One summer day before the end of the term, when I had just turned seventeen, a red note flew in like an air raid and combusted my life. I was in our bookshop, immersed in Oliver Twist , when I heard the glass door slide open and a man call my name: ‘Watanabe Yuichi!’
His low, gloomy voice shattered my daydreams. I closed my book and came out to the front of the shop, staggering a little in a dream-like trance. The postman, in a nationalist uniform, glanced at me before sticking his face into his mailbag. He flipped through his bundles of letters. I could tell he was trying to avoid my eyes. How many boys’ gazes had he had to avoid? Boys who trembled, as though they were awaiting execution, as though they were young deer caught in a trap. After a long interval he looked up, his face expressionless, and held out a sealed letter and an inkpad. I pressed my thumb on the inkpad and stamped his mail-receipt log. He didn’t meet my mother’s eyes, either. He turned around woodenly. On the envelope were the words ‘Japanese Imperial General Headquarters’. They reached out, grabbed me by the throat and throttled me. I found a red note inside.

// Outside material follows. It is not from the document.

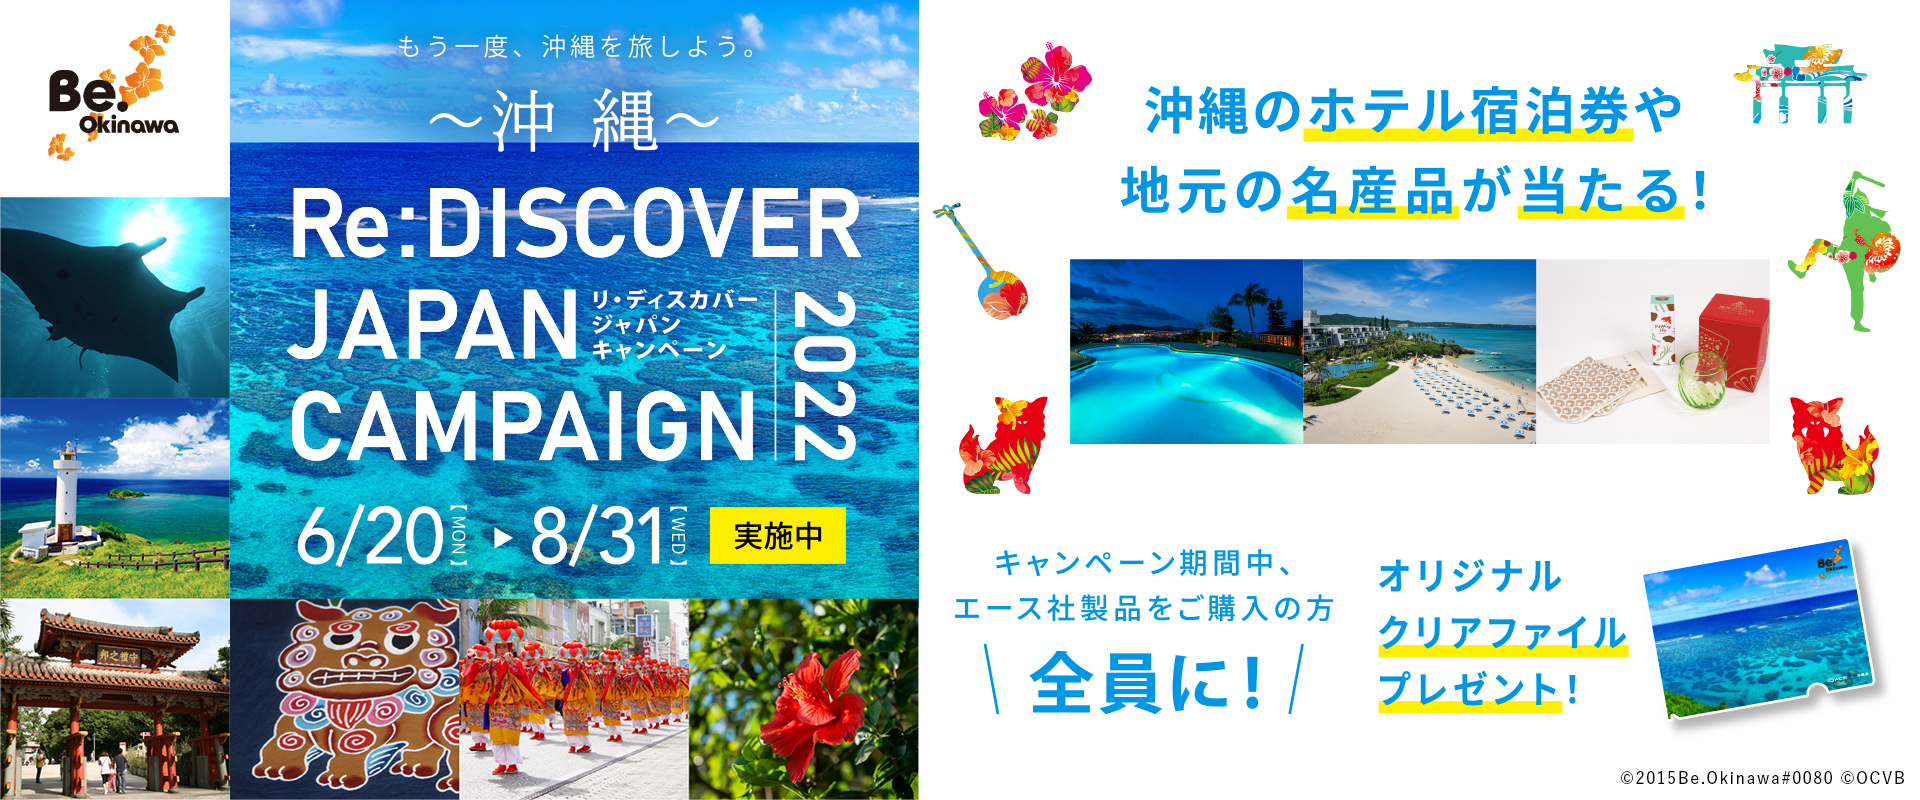 リ・ディスカバー・ジャパン沖縄キャンペーン

Time of assembly: 6.30, 27 March, Showa 18
Place of assembly: East side of Kyoto Station Square
I couldn’t breathe. That was when I realized that words, not bullets or bombs, were killing the soldiers dying in battle. One line of text was powerful enough to turn the world upside down and destroy lives; boys became soldiers, were shipped to the front and were thrown into battle. I dropped the Dickens novel, not because I was afraid of death, but because I was suddenly afraid of words. My mother, who had been sewing up bindings, let out an almost imperceptible sound; red droplets of blood spotted her thumb. She was trying her hardest not to collapse in the face of despair.